Enfiou a gazua na fechadura, e com movimentos rápidos que repetira milhares de
vezes, forçou enquanto girava a alavanca. Precisou forçar bastante, já que a fechadura parecia
de boa qualidade. Após alguns segundos, sentiu o delicioso estalido da porta sendo aberta.
Disfarçou a euforia e abriu a porta, entrando na loja escura que já havia furtado inúmeras vezes
sob o disfarce do bêbado. Sua infravisão lhe permitiu ver as prateleiras repletas de
equipamentos e suprimentos de viagem. Não poderia levar nada grande, o volume chamaria
atenção. Buscou primeiro na caixa debaixo do balcão principal. Estava vazia. Era óbvio! Haglad
não seria inocente para deixar os lucros de suas vendas na própria loja durante a noite.
Focou então focou em pegar itens pequenos que pudesse esconder debaixo de suas
roupas. Pegou alguns conjuntos de cadeados e algemas, além de um livro vazio que magos
chamavam de grimório, e que costumavam comprar por um bom preço. Também pegou um
pacote de carne seca de um conjunto de ração de viagem, precisaria disso. Juntou tudo e estava
saindo quando lembrou-se de algo. A linda adaga de prata que vira anteriormente na loja.
Tinha se enamorado da possibilidade de furtá-la, mas chamaria muita atenção fazê-lo durante
o dia. Era a oportunidade perfeita.
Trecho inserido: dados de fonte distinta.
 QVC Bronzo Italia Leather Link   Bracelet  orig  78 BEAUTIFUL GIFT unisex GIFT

Foi até a lateral da loja e procurou na prateleira de armas.
Seus olhos reluziram ao ver que a arma ainda se encontrava lá. Pegou-a junto da bainha,
escondendo dentro de sua bota direta.
Aproximou-se de uma das janelas da loja, observando o lado de fora. Abriu um pouco
a janela e arremessou com toda sua força o pedaço de carne seca para o centro do largo da
moeda, próximo ao chafariz. Atraídos pelo cheiro, os cachorros que ali estavam começaram a
latir e correr atrás da carne. Aproveitou a bagunça para sair do local, tomando o cuidado de
colocar o capuz e deixar a porta encostada, porém destrancada. O guarda careca pagaria por
tê-lo roubado. Atravessou a praça, evitando o funcionário que ainda acendia as lanternas.
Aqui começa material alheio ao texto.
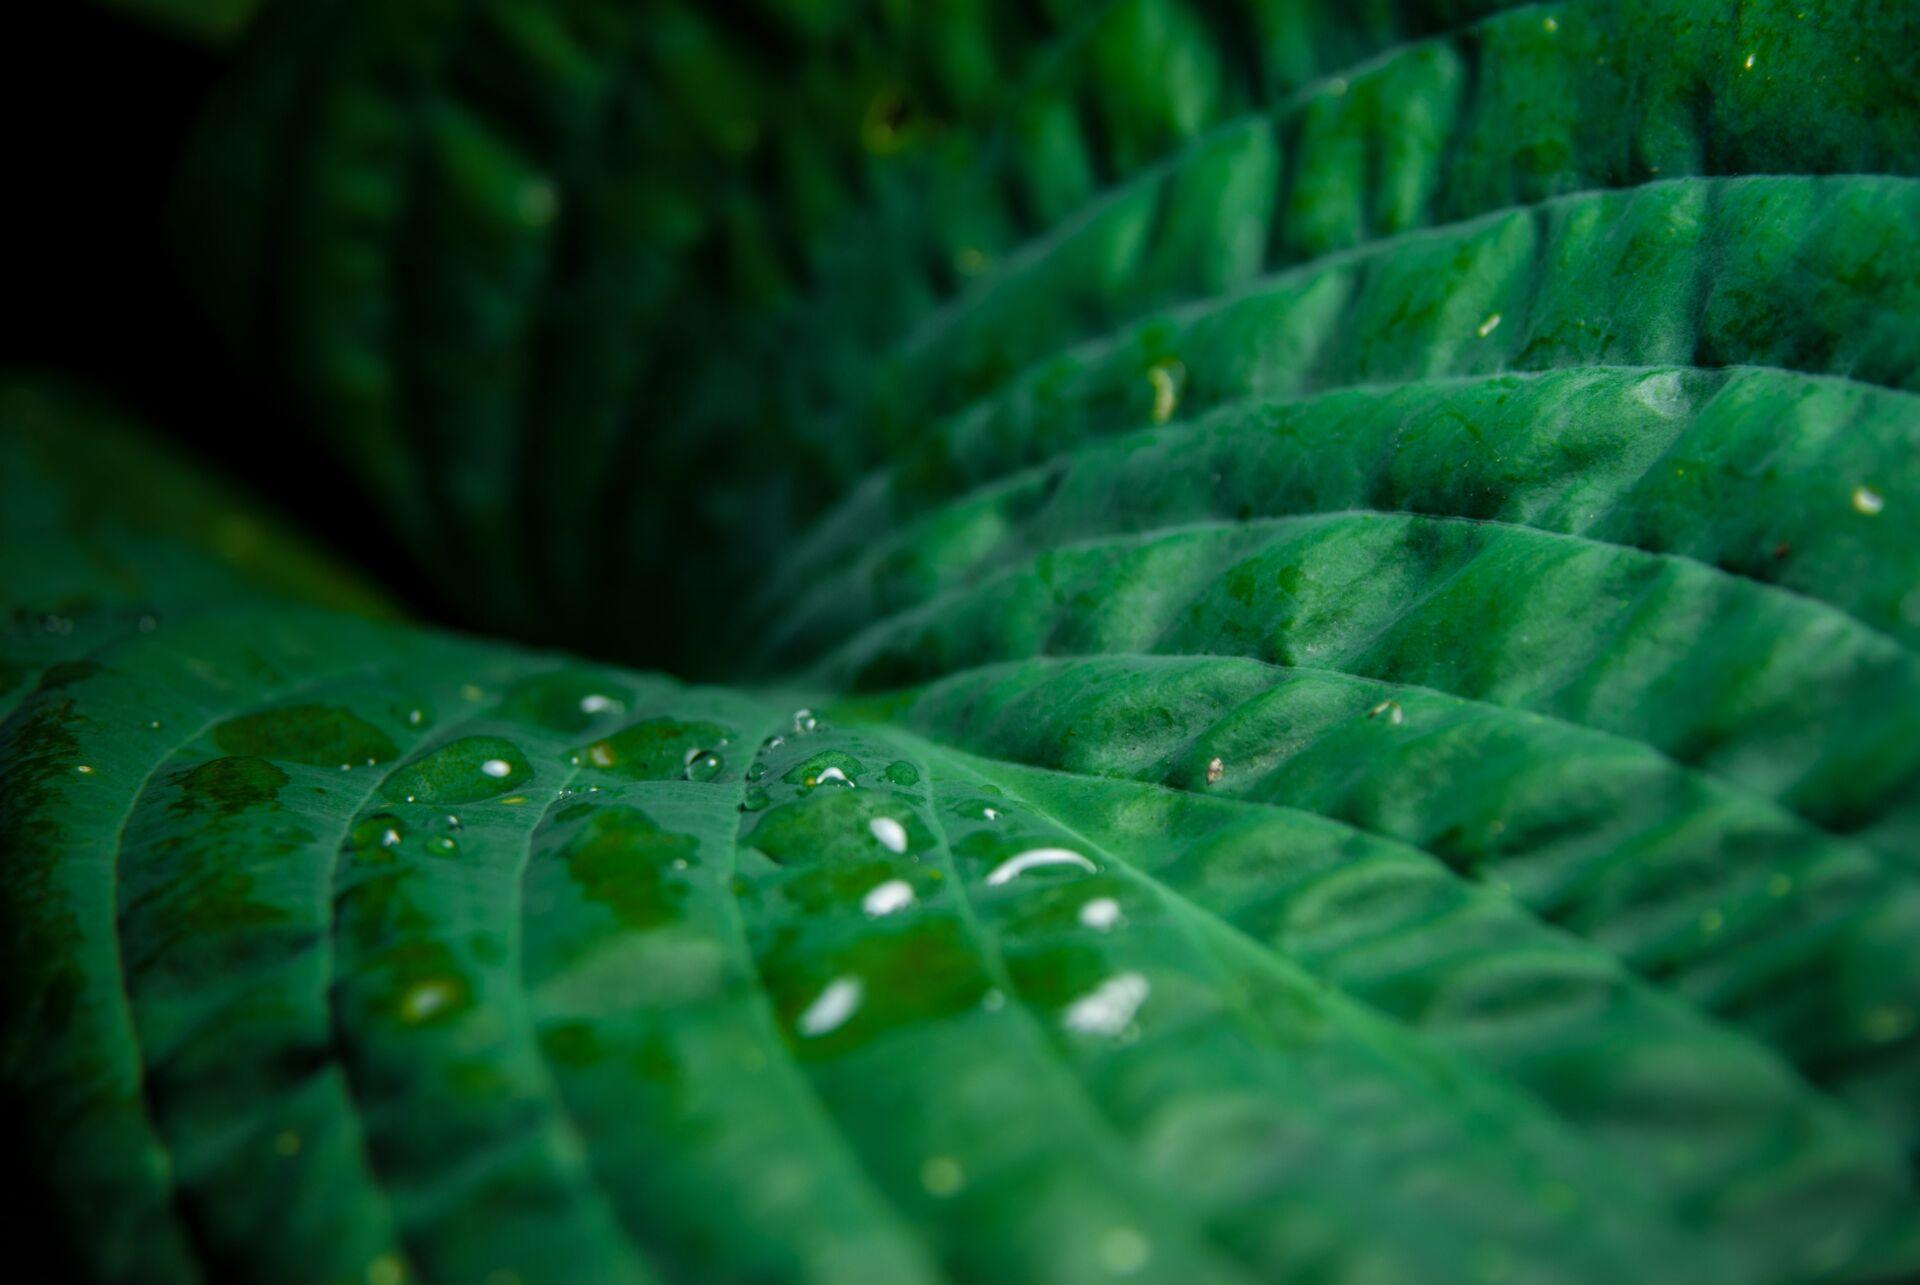 close up leaf with raindrop

Tomou o rumo da Baixada do Piolho. Apesar dos percalços, sua pequena incursão tinha sido
muito mais frutífera do que esperava.
– Obrigado Artheus por mais um roubo bem sucedido. Pai oculto dos ladrões, que traz a justiça
através do furto. Manterei seu disfarce, assim como tu me manténs. – murmurou uma prece enquanto
seguia com seus passos quietos pelas ruelas enlameadas e sujas de esgoto.
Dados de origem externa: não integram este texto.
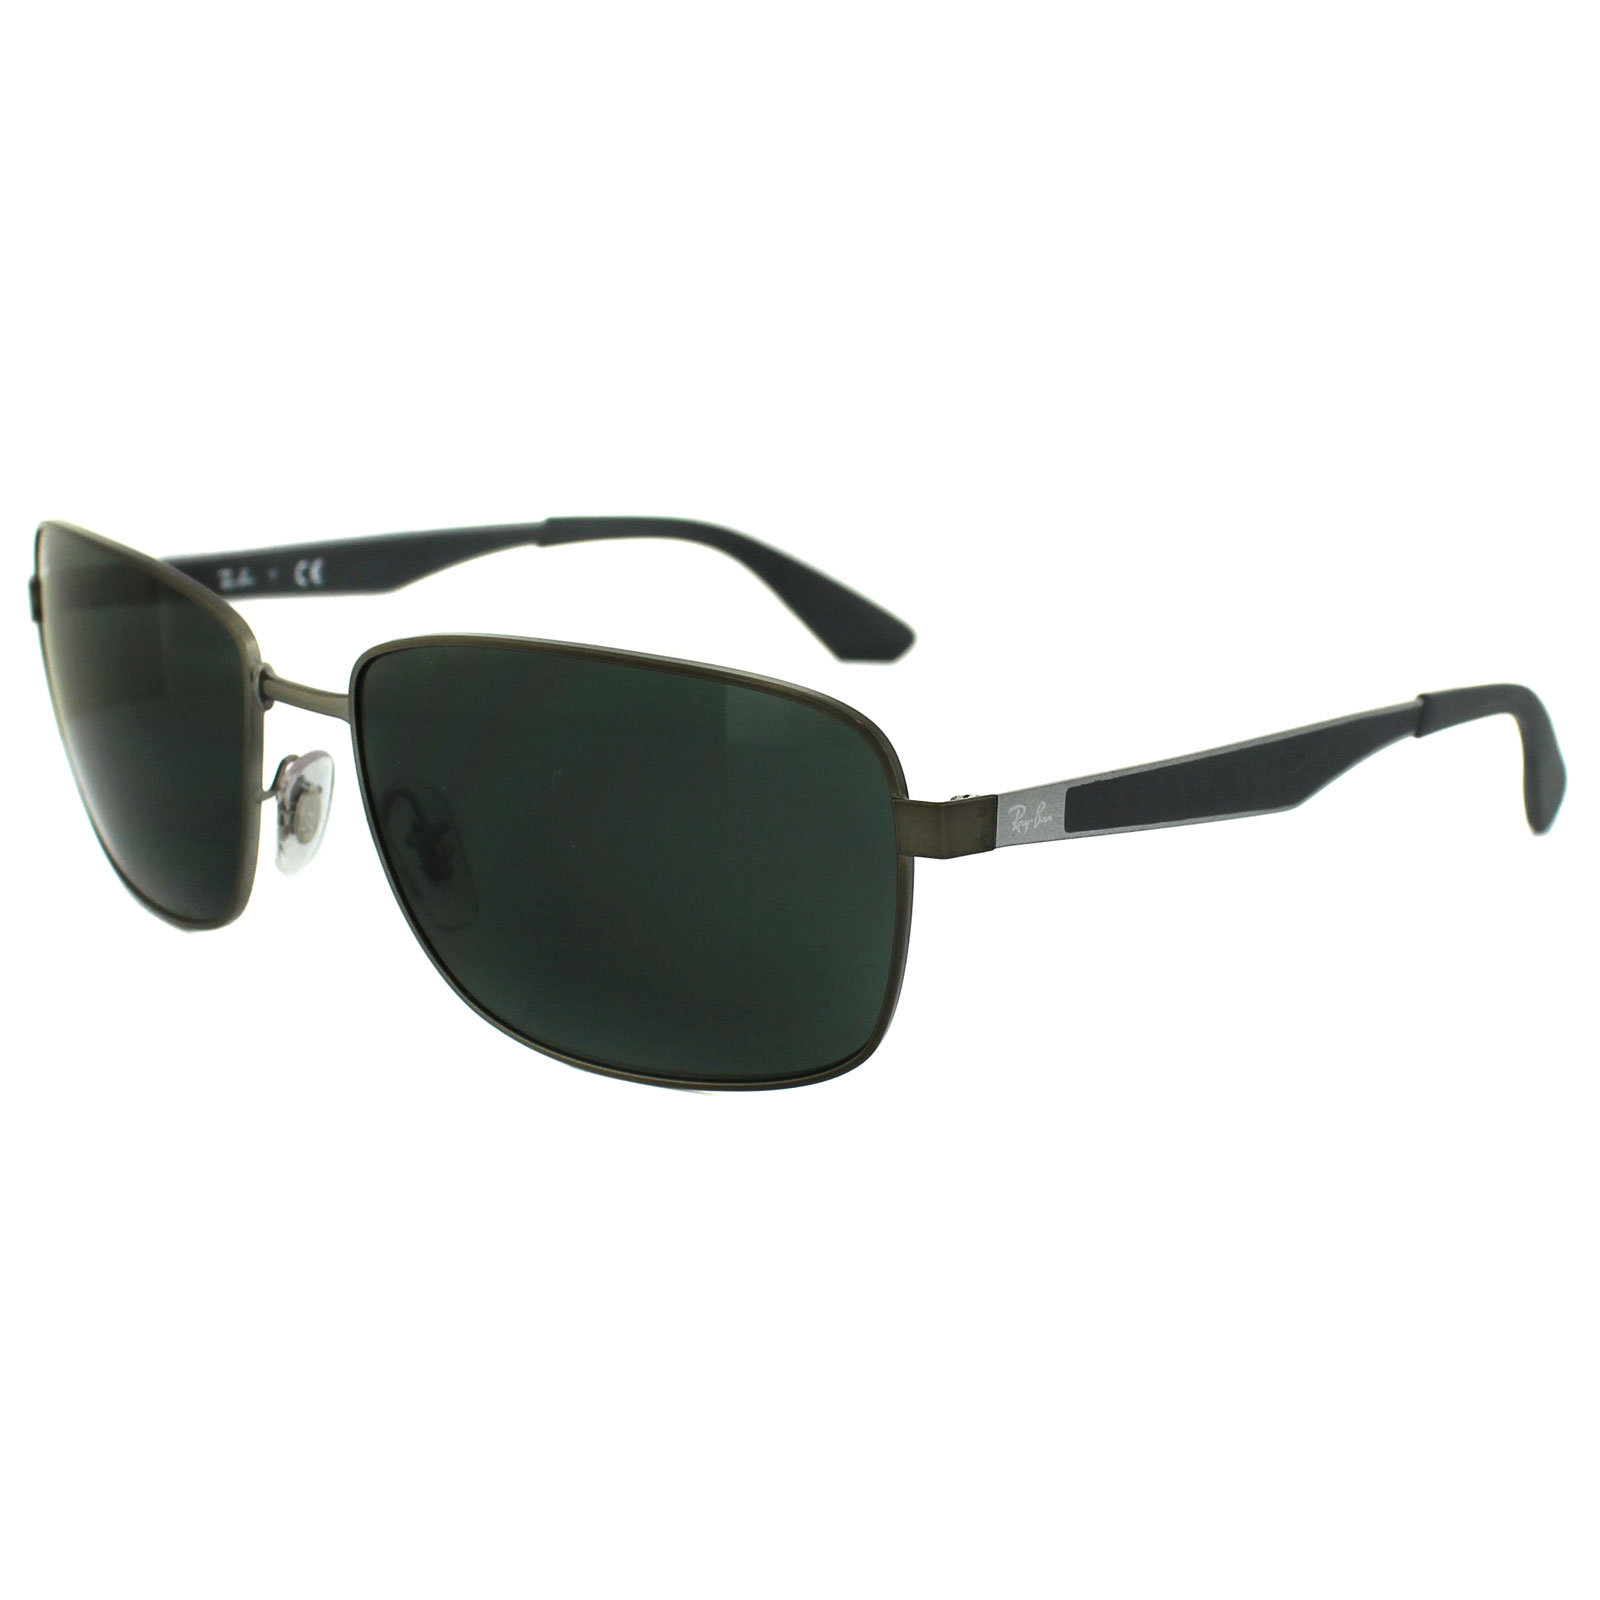 ray ban sunglasses gunmetal  ray ban sunglasses 3529 029/71 gunmetal green

Gil era devoto de Artheus, o deus da justiça que a maioria considerava averso aos
ladrões. Ele duvidava muito que um deus que tinha trazido ordem ao mundo através de um
roubo, não abençoasse aqueles que roubam de mercadores e nobres que têm muito mais
dinheiro do que precisam. Andando entre os casebres da Baixada do Piolho, refletiu sobre o que
vira no porão da loja. A Irmandade do Punhal provavelmente estava envolvida em algo mais
sujo que o comum. Contudo, a imagem fixa em sua mente era a de Juper, sua ex-amiga de
infância. Sacudiu a cabeça, concluindo que esses tempos ficaram enterrados no passado. Ser
ladrão em Valansia significava se habituar a ver amigos morrerem Seja de forma literal ou
metafórica. E Juper estava morta para ele.
Ele não poderia estar mais enganado.